Lily has 4 candies. So, Jack has 8.

Jack has 8 candies. So, Joe has 16.

Therefore, Joe has 16 candies.

**2. What is the LCM (Least Common Multiple) of 9 and 18?**

**Solution: **18 is the double of 9. Since the LCM of a number and its double is the double number, the LCM of 9 and 18 is 18.

**3. Evaluate **$12 + 15$** using doubles.**

**Solution: **We can write 15 as $12 + 3$.

So, $12 + 15 = 12 + 12 + 3$

$= (12 + 12) + 3$

$= 24 + 3$

$= 27$

## Practice Problems

## Doubles in Math

### Jane’s brother is double her age. If Jane is six years old, how old is her brother?

Jane is six years old. Her brother is double her age. So, her brother’s age is $6 + 6 = 12$ years.

### What is the GCF (Greatest Common Factor) of 25 and 50?

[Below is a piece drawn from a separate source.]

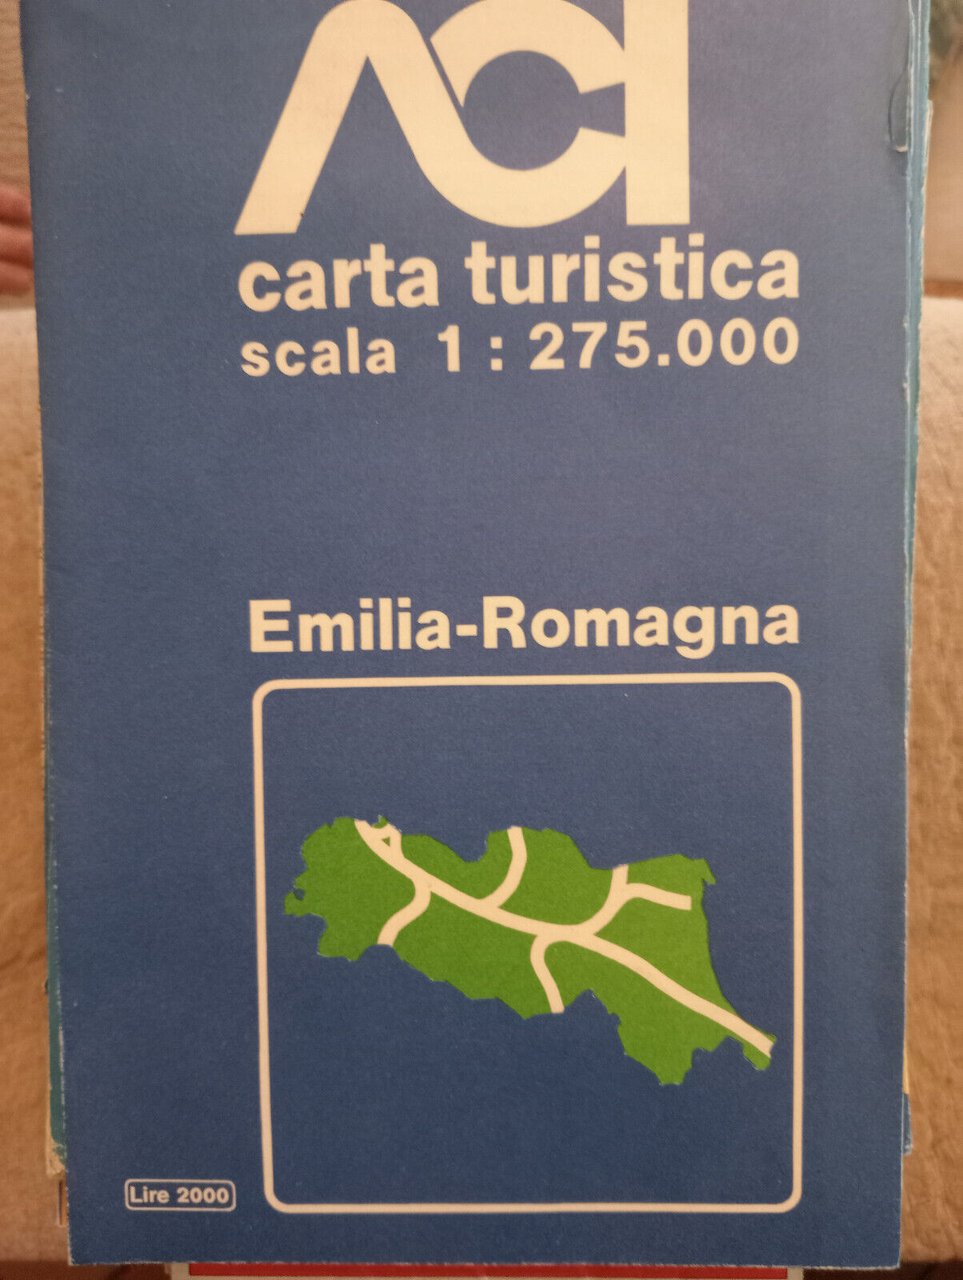 ACI Carta turistica Emilia-Romagna scala 1:275.000
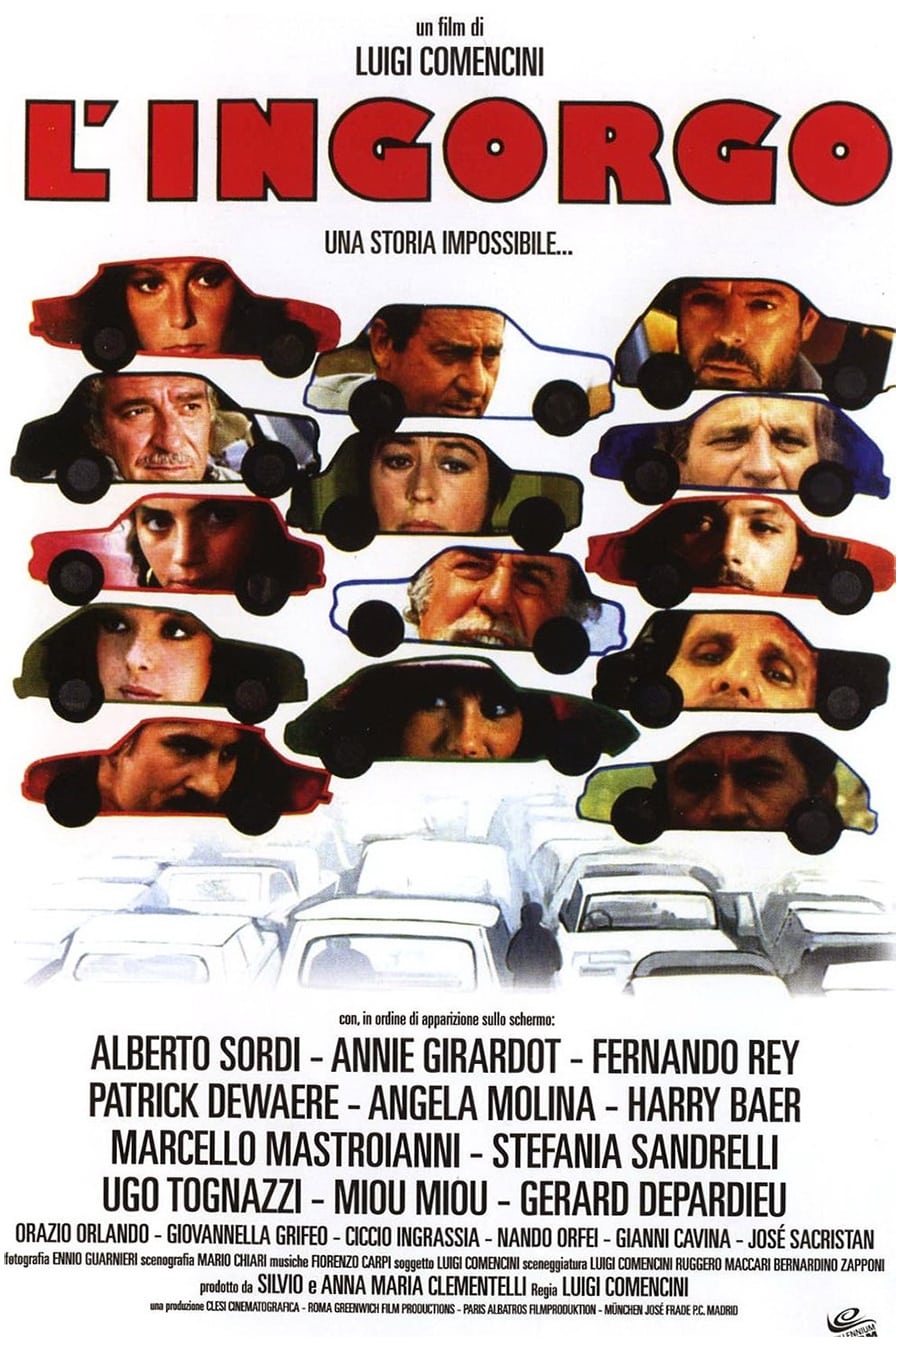 Traffic Jam (1979)

The HCF of a number and its double is the number itself.

So, GCF of 25 and 50 is 25.

### If 3 is a factor of a number x, then 2x will be a multiple of:

If 3 is a factor of x, 2x will be the multiple of 3.

Example: 3 is a factor of $\text{x} = 9$. Double of $\text{x} = 9$ is $2\text{x} = 18$ and it’s a multiple of 3.

## Frequently Asked Questions

**Does the “doubles plus one” method apply to numbers more than 1000?**

Yes, the doubles plus one method** **applies to all the counting numbers.

**What is doubles minus one?**

Doubles minus one is a strategy used to add two consecutive numbers. We simply add the bigger number twice or double it and then subtract 1 from it to get the final result.

**What is the importance of the doubles strategy?**

Children who can remember the double facts in math will be able to manipulate single-digit numbers more effectively and improve their ability to add and subtract.